= George Harold Lommen =

American lawyer and politician

George Harold Lommen (September 14, 1895 – September 19, 1942) was an American lawyer and politician.

Lommen was born in Caledonia, Houston County, Minnesota. His grandfather was among the first settlers in southeastern Minnesota, arriving in Houston County in 1850, and his father, John P. Lommen, was born there in 1852. Lommen lost his mother at the age of seven. He graduated from Caledonia High School, where he was a member of the state championship high school debating team in 1913. He went out on his own at the age of seventeen.

He completed his law degree at the St. Paul College of Law (now Mitchell Hamline School of Law) in 1917. Lommen began practicing law in Biwabik, St. Louis County, Minnesota, where he served as mayor for two terms and also held the position of Biwabik Township Attorney. He later moved to Eveleth, Minnesota.
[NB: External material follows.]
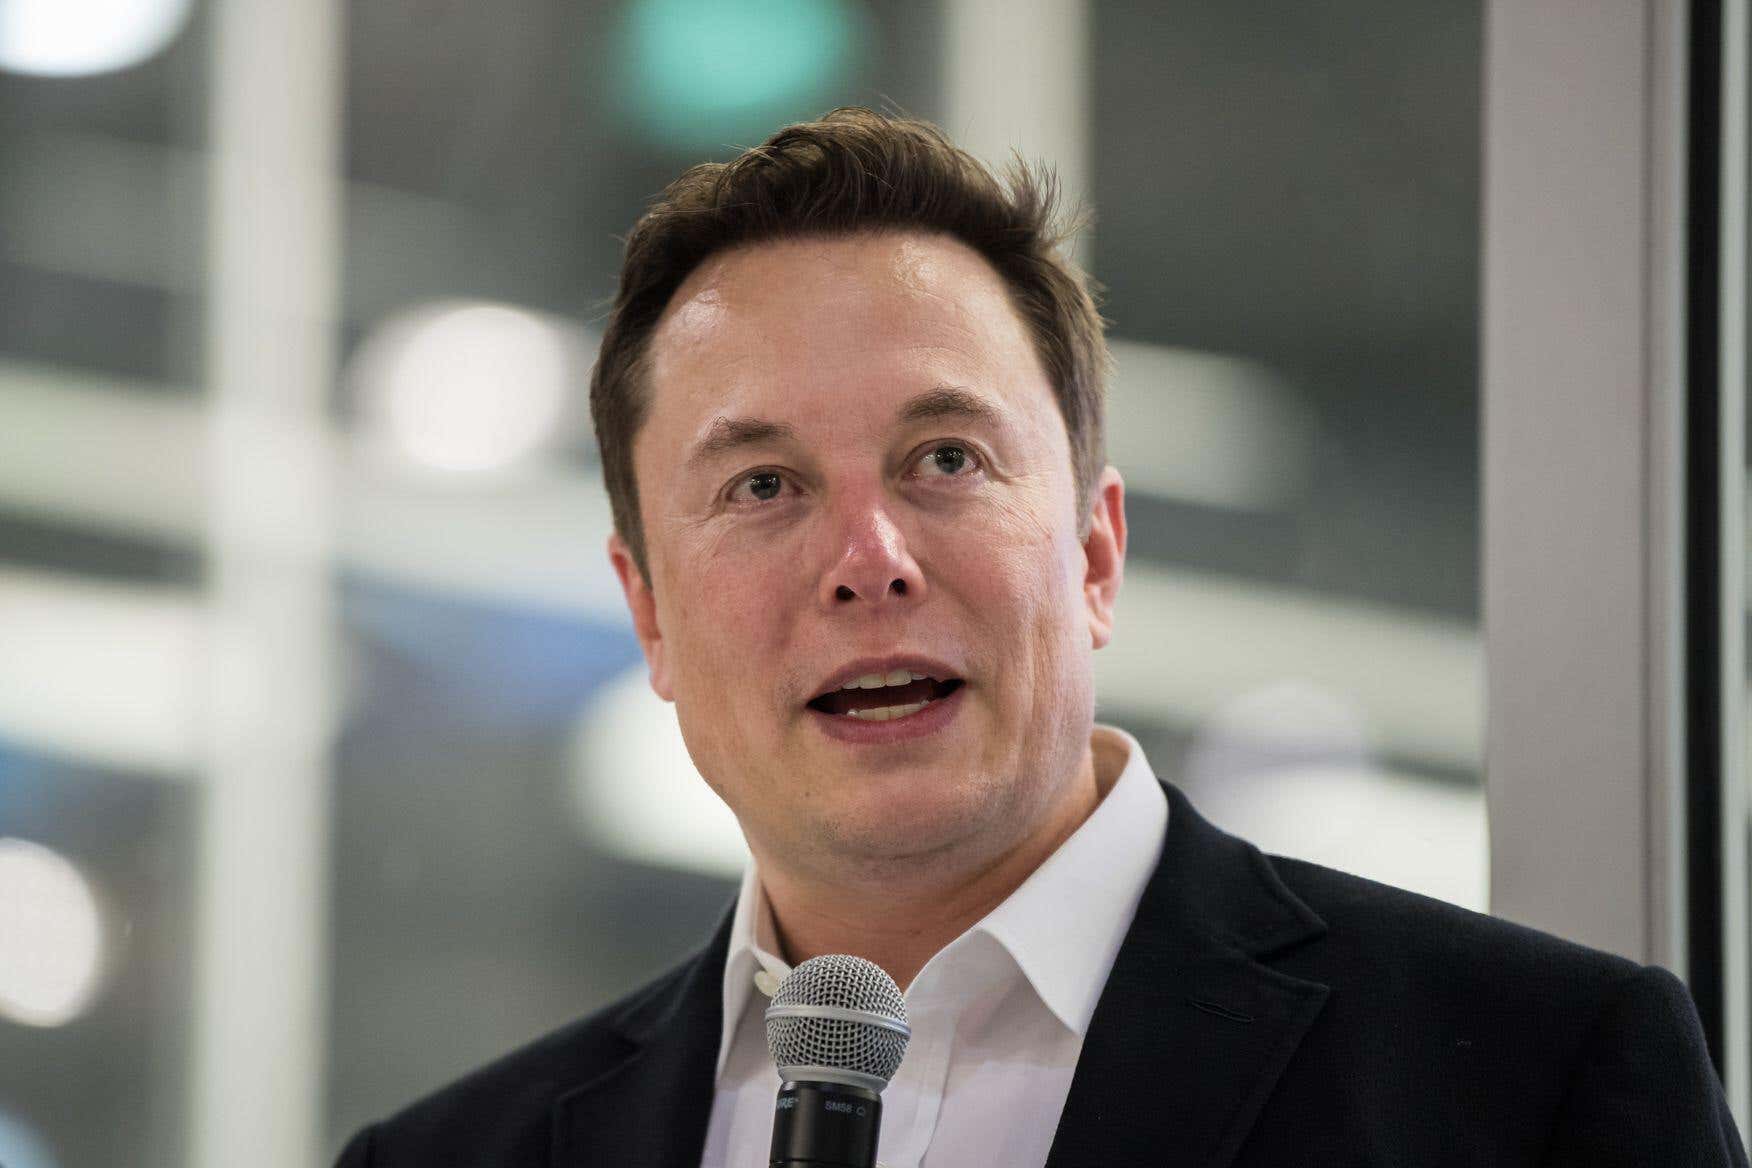 New Twitter owner Elon Musk has made it ‘super clear’ he has not yet made any changes to the social media platform’s content moderation policies (Alamy/PA)

Lommen served one term in the Minnesota House of Representatives from 1925 to 1926. He was then elected to the Minnesota Senate in 1927 and served continuously until his death in 1942, at which time he was serving his fourth term. He was a Republican.

When Lommen became seriously ill, he sought treatment at the Mayo Clinic, where he learned that his condition was terminal. He returned to his birthplace in Caledonia, where he died on September 19, 1942. He was buried in the cemetery in his hometown of Caledonia, Minnesota.